1. There would not be an issue if the statement in if (expression) statement could not be an if statement. else cannot begin a statement, so if ( 0 ) break; cannot be reduced with else in the lookahead. The problem is if (0) if (0) break; else Now, it's not obvious whether else should be shifted (and thereby attached to the second if) or if the second if should be reduced, leaving the else to be shifted onto the first if. Normal practice (and yacc's ambiguity resolution algorithm) dictate the first.

2. So let's distinguish between complete if-statements and incomplete if-statements. An incomplete if-statement is a statement which could have been completed with an else clause, and so it cannot be immediately followed by else (since it would have included the else). A complete statement cannot be extended with an else, so it also must not end with an incomplete statement.

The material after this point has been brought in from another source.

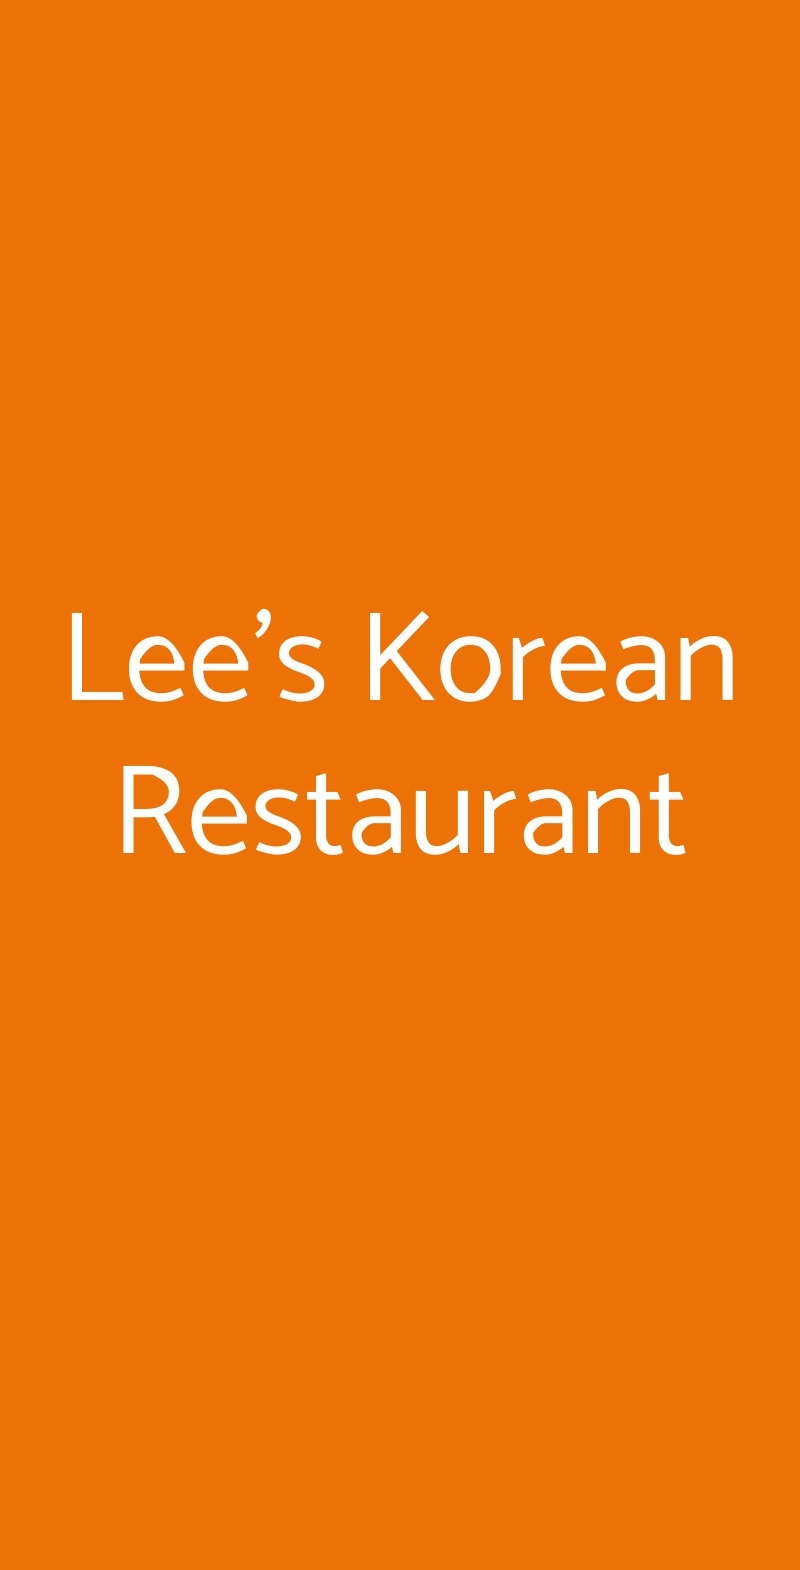 Lee's Korean Restaurant Milano menù 1 pagina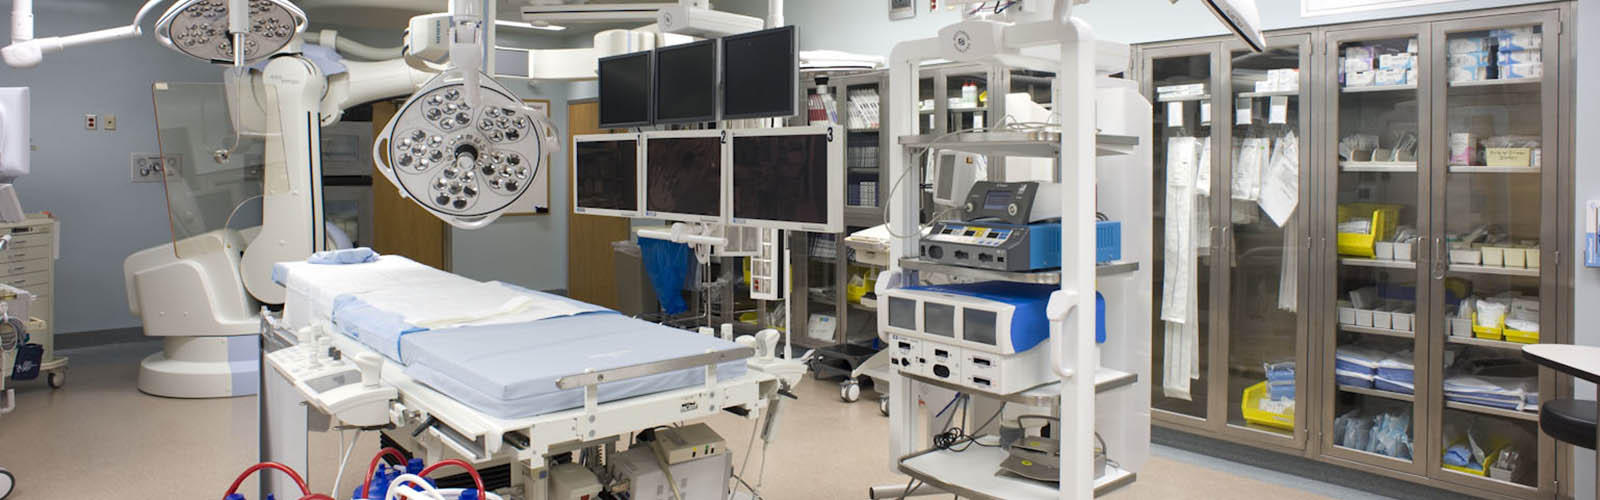 University of Missouri Health Care – Hybrid Operating Room 1

So we can try something like:

statement              : complete_statement
                       | incomplete_conditional

complete_statement     : complete_conditional
                       | statement_other_than_conditional

complete_conditional   : "if" '(' expression ')' complete_statement "else" complete_statement

incomplete_conditional : "if" '(' expression ')' statement
                       | "if" '(' expression ')' complete_statement "else" incomplete_conditional

Languages like C have other statement types which can end with enclosed statements (looping statements, for example). All of those also have to be divided between "complete" and "incomplete", depending on the completeness of the terminating statement. That's what makes this solution annoying.

Note: The above grammar has been corrected from the incorrect version posted nine years ago. Several answers refer to the incorrect answer; unfortunately, none of them thought to signal the error with a comment which I might see. I apologise if anyone used the incorrect code.

Answer 2

See my answer here: Reforming the grammar to remove shift reduce conflict in if-then-else. In my experience, you should never leave "known conflicts", solve them. Using %expect N with N != 0 is not safe, IMHO (GLR aside, of course).